Соло на мгновение задумался.
– Возможно. Но, выбрав сторону, обязан ли человек солидаризоваться со всеми подонками и отребьем, которые обнаружатся на этой стороне?
– В этом смысл выбора. Болеешь за футбольный клуб – терпишь выходки его фанатов. Ходил на концерты Летова – толкался среди гопоты. Я уж не говорю, с какими скотами можно оказаться в одном окопе, когда дойдёт до войны.
– Вот когда дойдёт до войны, и будем жить как на войне. – Обухов погрозил пальцем. – Вы вообще не кажетесь мне лицом призывного возраста. К чему это академическое беспокойство?
Тут уже несколько человек закричали разом.
Обухов (он говорил стоя) привстал на цыпочки и яростно замахал руками. Через мгновение я понял, что он издевательски дирижирует.
– Есть верность идеям и верность людям! – провозгласил он, дав публике успокоиться. Небольшого роста и довольно плотному, ему хорошо шёл густой зычный голос. – Вот главный выбор, и очень горький, чёрт бы его побрал! Да кто вас вообще заставляет? Сами цепляетесь! Воздвигли абсолютную догму против свободы живого быта! История вопит: к чёрту! Ваша собственная душа вопит: к чёрту! А вы заканчиваете тем, что покорно склоняетесь перед необходимостью навязываемого вам извне выбора, и приходите сюда, к писателю, который столько всего дал вам за двадцать лет, и говорите ему, что какие-то «силы», неведомы зверушки, рекомендуют ему «определиться». Не хочу определяться! Не буду! Нашлись, тоже, вещуны и демиурги! Нравственные мазурики! Плюю на них слюнями!
Потрясённая аудитория притихла. Они не были рассержены – никто и никогда не сердился на Соло Обухова, – но каждый, казалось, внезапно осознал, что сидит косо и на очень неудобном стуле.

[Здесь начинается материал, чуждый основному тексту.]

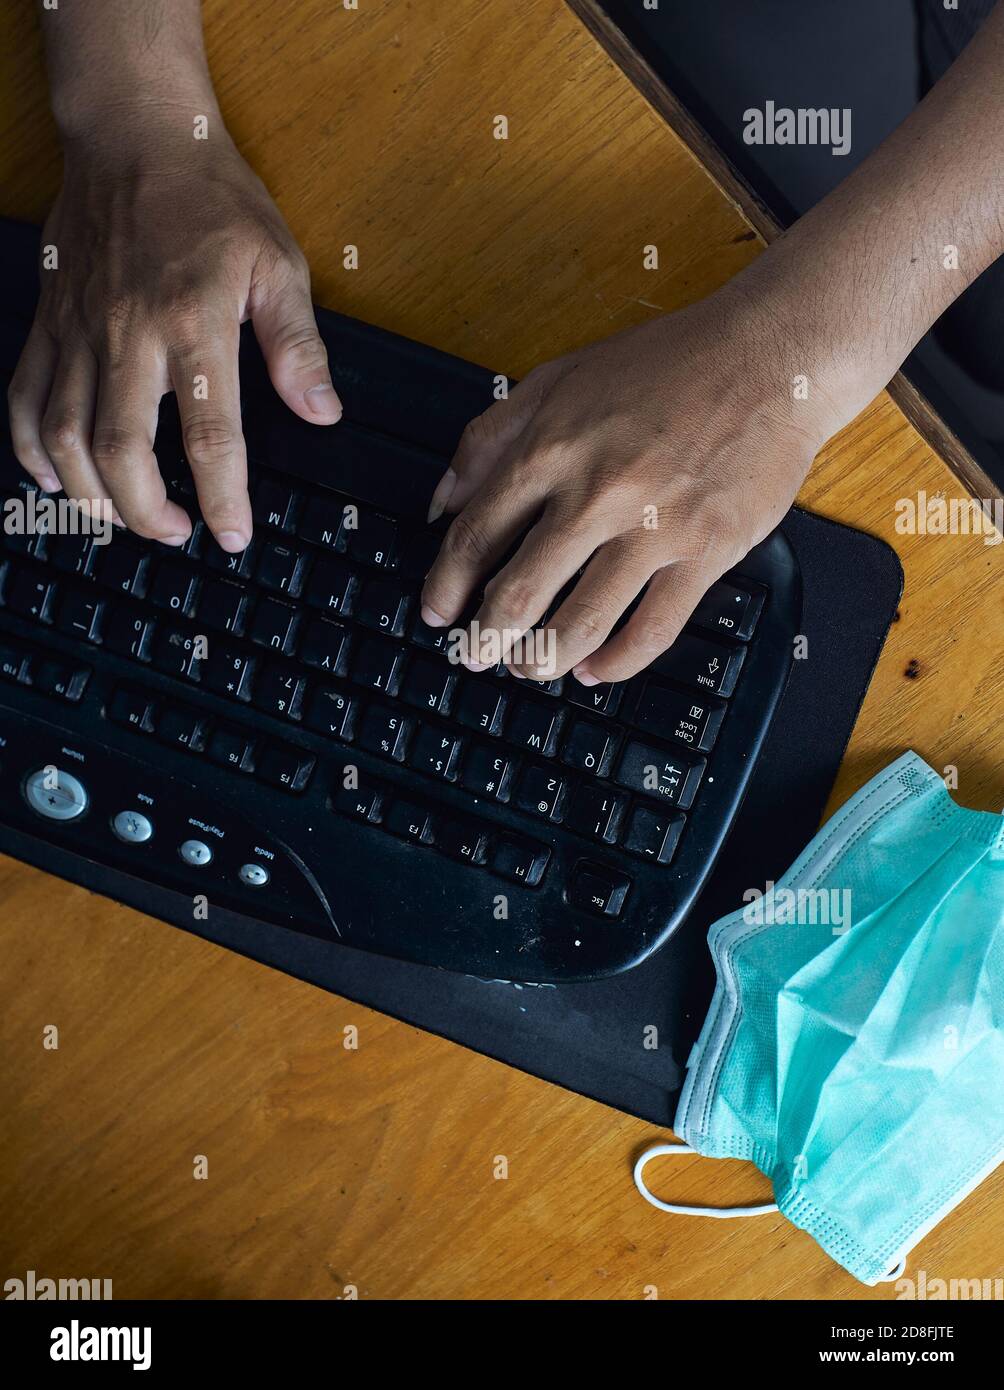 primo piano di mano uomo che digita sulla tastiera con maschera medica per la prevenzione durante la pandemia del virus corona. immagine vista dall'alto Foto Stock

– В жизни всё путано, состоит из недомолвок, лжи, сорвавшихся слов и сделанных на этой основе неверных умозаключений, – продолжал Обухов назидательно, беззлобно и так спокойно, словно его иеремиада была концертным номером, выброшенным из головы сразу после исполнения. Он даже не запыхался. – Не надо добавлять сюда ещё и «выбор». Настоящий выбор делается сам собою, когда, как вы верно подметили, из военкомата приходит повестка.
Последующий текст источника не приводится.